Led by California, 23 states, including Massachusetts, have sued the Trump administration challenging new federal regulations that strip the states' authority to set their own vehicle emissions standards. On December 3, 2019, the administration moved to dismiss on procedural grounds, arguing that the D.C. District Court was the wrong venue, and that the case should have been brought before the D.C. Circuit for its direct review.
The new regulations have been criticized as yet another attempt by the Trump administration to roll back Obama-era environmental protections. The Obama administration had granted a waiver specifically to California so that it could pursue its own aggressive vehicle emissions reduction program. The waiver, which is one of many similar waivers California has received for decades, protects California's program from preemption by federal law.
The new regulations, known as the "One National Program" rule, were a joint effort by the U.S. Environmental Protection Agency ("EPA") and the National Highway Safety Traffic Administration ("NHSTA"). EPA revoked California's waiver under the Clean Air Act, and NHSTA declared that another federal environmental law governing vehicle fuel economy—the Energy Policy and Conservation Act ("EPCA")—preempts state programs that regulate vehicle emissions. The states are attacking EPA's waiver revocation in a separate proceeding before the D.C. Circuit.
Why have the other states joined the lawsuit? Many environmentally conscious states, like Massachusetts, have adopted California's standards. The Massachusetts AG's office has called the standards "a key part of the state's effort to reduce pollution, protect public health, and fight climate change." That includes meeting the aggressive greenhouse gas emissions reductions targets Massachusetts has set for itself in the Global Warming Solutions Act—reducing emissions to 80 percent below 1990 levels by 2050.

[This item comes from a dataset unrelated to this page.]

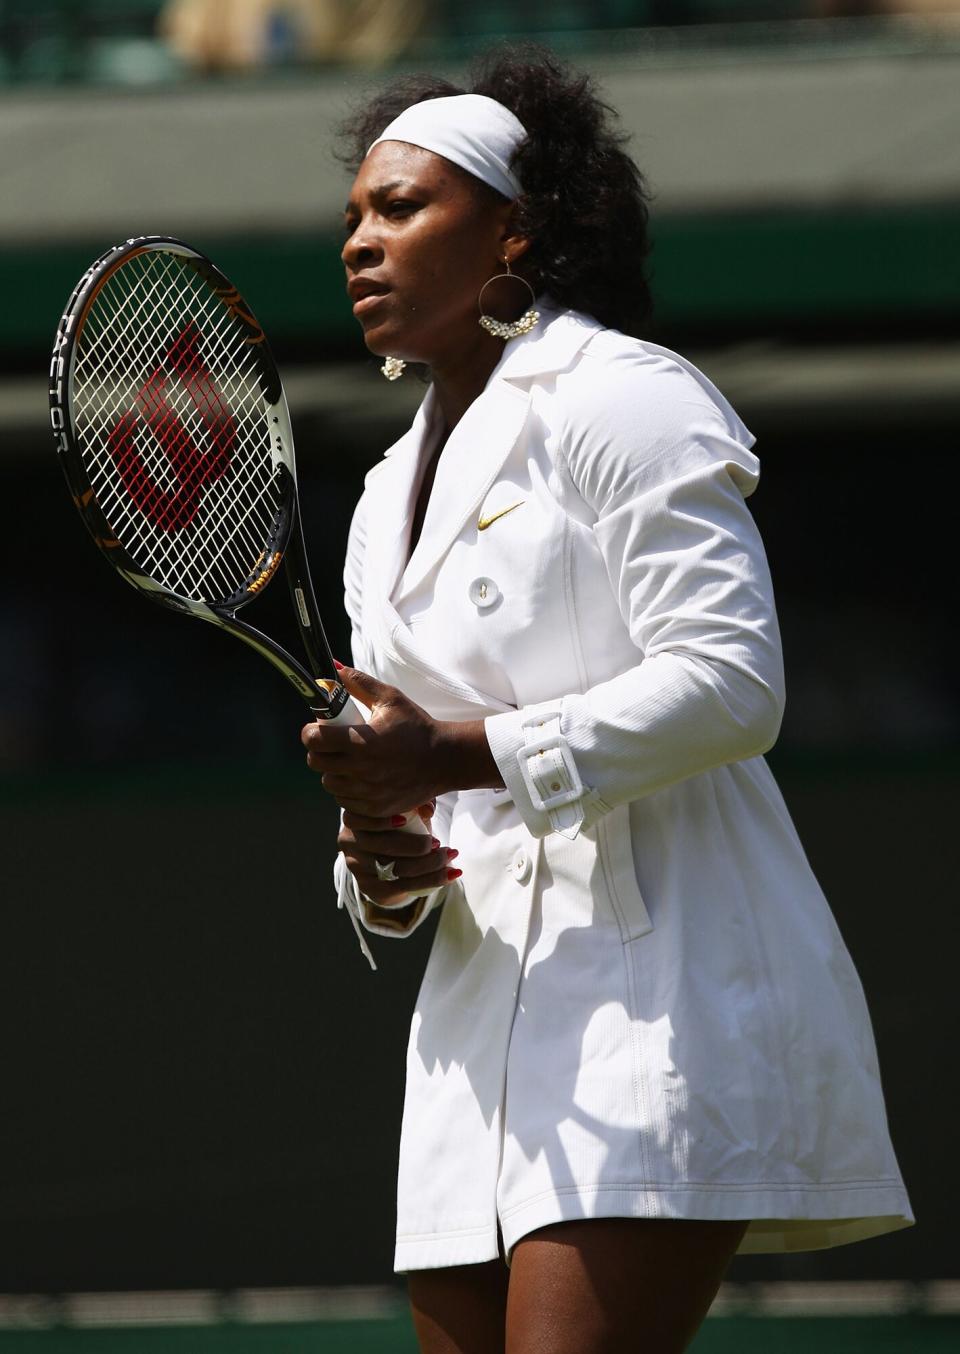 Serena Williams of United States prepares for her women's singles round one match against Kaia Kanepi of Estonia on day one of the Wimbledon Lawn Tennis Championships at the All England Lawn Tennis and Croquet Club on June 23, 2008 in London, England

The lawsuit challenges the NHTSA's authority under the EPCA to declare that the law now preempts California's program. It asserts that the rule "conflicts with Congressional intent, as recognized by the Supreme Court, to establish two distinct statutory schemes for the separate regulation of vehicle emissions and fuel economy." And it asserts that the rule is "contrary to Congress's direction in [the] EPCA that NHTSA consider and give effect to California's emissions standards."
There will not be a resolution on the merits for now, as the administration's motion is purely procedural. It asserts that the states' challenge belongs before the D.C. Circuit. The states reply that the law does not allow for the D.C. Circuit's direct review.
The lawsuit is one more example of AGs from certain states banding together to take on the Trump administration on environmental policy. It is consistent with recent efforts by some of the same states to block the administration's plans to freeze federal Corporate Average Fuel Economy ("CAFE") standards. The previous standards envisioned a fuel-economy average of 46.7 mpg for vehicle model years 2021-2026. The administration's freeze would keep the average at only 37 mpg.